Your code is written in a very compact style, making it hard for someone not familiar with it to understand it. Avoid multiple statements per line, avoid assignments inside expressions, and don't hesitate to create helper functions even for small amounts of code if it helps readability. Consider:

static bool entry_is_pointer(uint16_t entry) {
    return entry & 0x8000;
}

static Node8 *entry_to_node(Octree *o, uint16_t entry) {
    return &o->node[entry & 0x7fff];
}

static uint16_t *descend(Node8 *node, uint8_t x, uint8_t z, uint8_t y, fast_uint8_t level) {
    return &node.x[(x >> level) & 1][(y >> level) & 1][(z >> level) & 1];
}

uint16_t *Get(Octree *octree, uint8_t x, uint8_t z, uint8_t y, uint_fast8_t *levelptr) {
    uint16_t *entry = &octree->node0;
    uint_fast8_t level = 5;

    while (entry_is_pointer(*entry)) {
        --level;
        Node8 *node = entry_to_node(octree, *entry);
        entry = descend(node, x, y, z, level);
    }

    if (levelptr)
        *levelptr = level;

    return entry;
}

The binary generated by the compiler should still be exactly the same.

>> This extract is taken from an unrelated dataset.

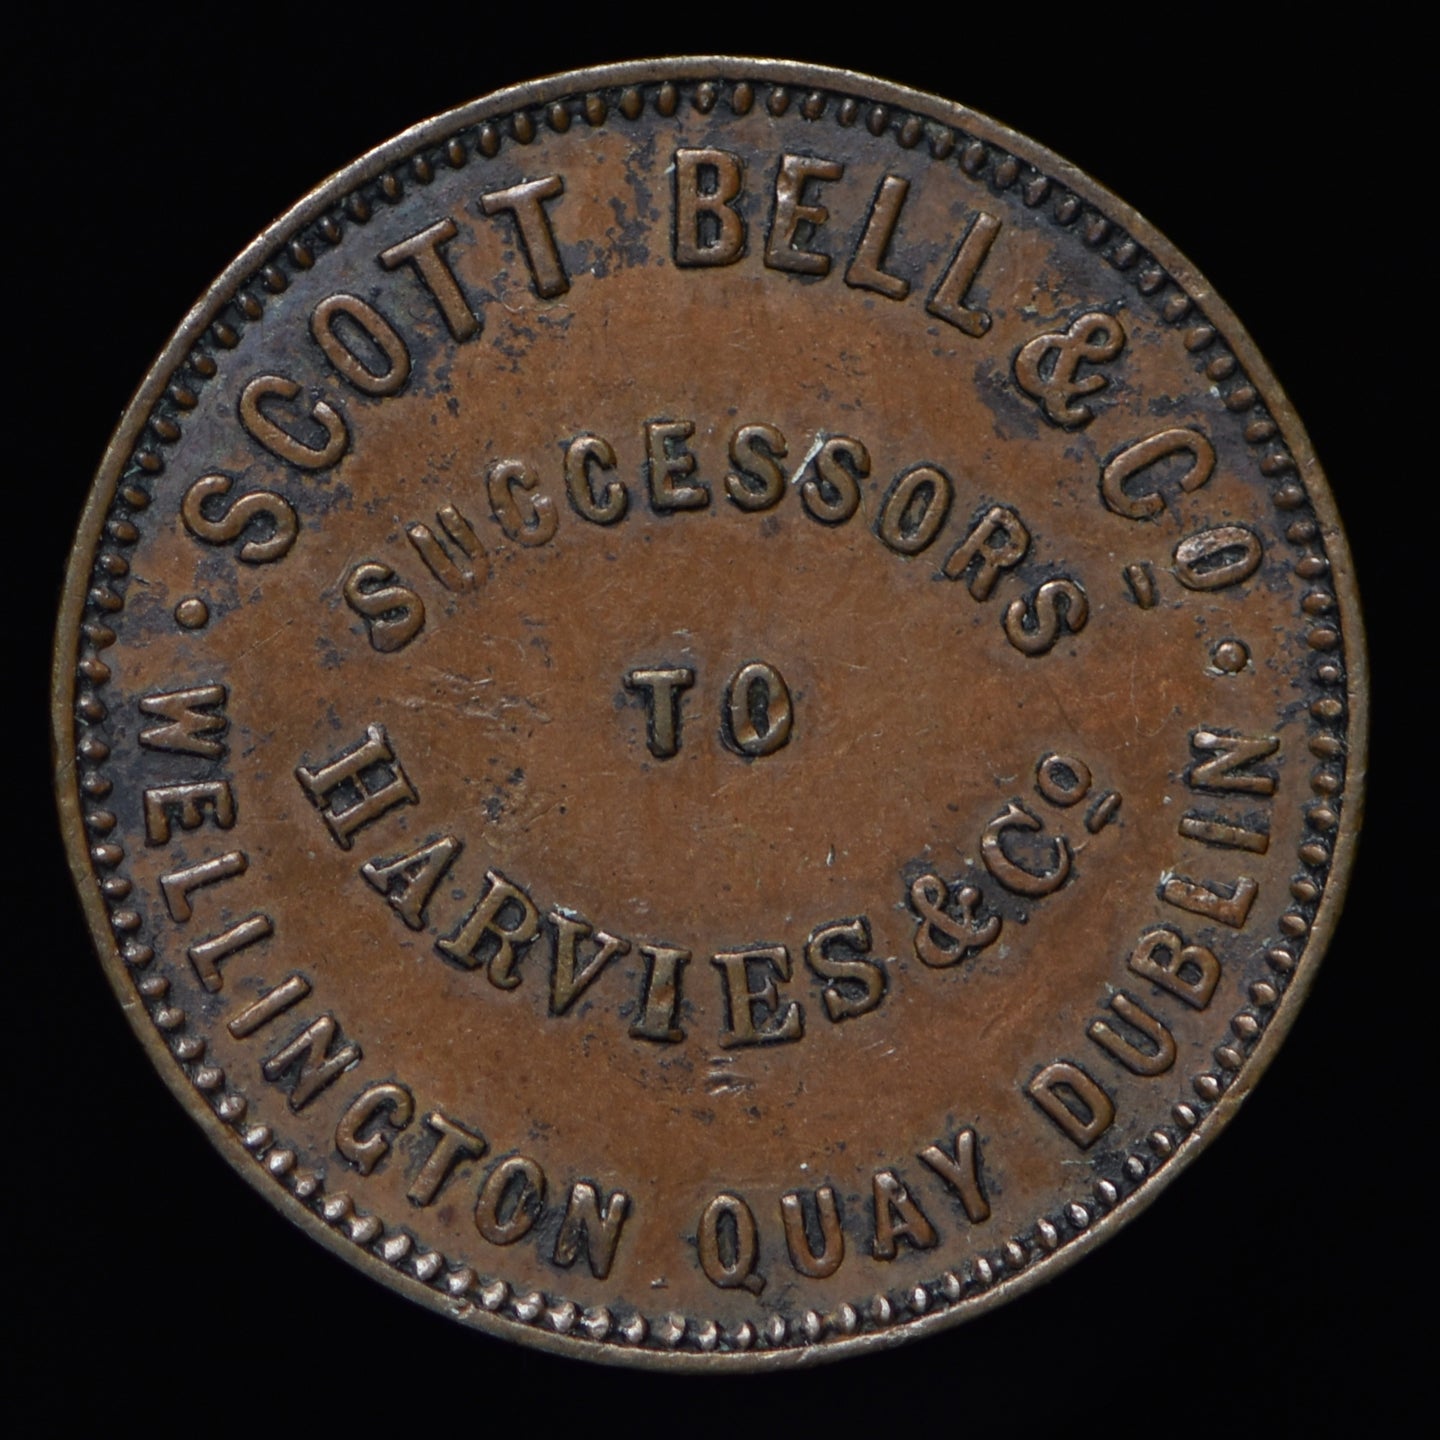 Dublin Scott, Bell & Co. W. 6220

Use const in the right place

I see you made the parameters const, but not in the most useful way. Ideally, you pass a const Octree* to Get(), and get a const uint16_t* back. This will allow the compiler to better optimize code for callers that query the tree but don't want to modify it. Of course, you are using Get() inside Set(), so that is a bit problematic; either you have to duplicate the code to get to an entry but return a non-const pointer, or you have to cast the constness away inside Set(). The latter is safe though, because you already have a non-const pointer to an Octree there.

Missing error checking

Calls to malloc() and realloc() can fail and return NULL. You should check for that. If you really cannot do anything about it, call abort() or another function to terminate the program.

Also note that if realloc() fails, the original allocation is still valid, so o = realloc(o, …) will then leak memory.

Optimizing for space or bandwidth efficiency?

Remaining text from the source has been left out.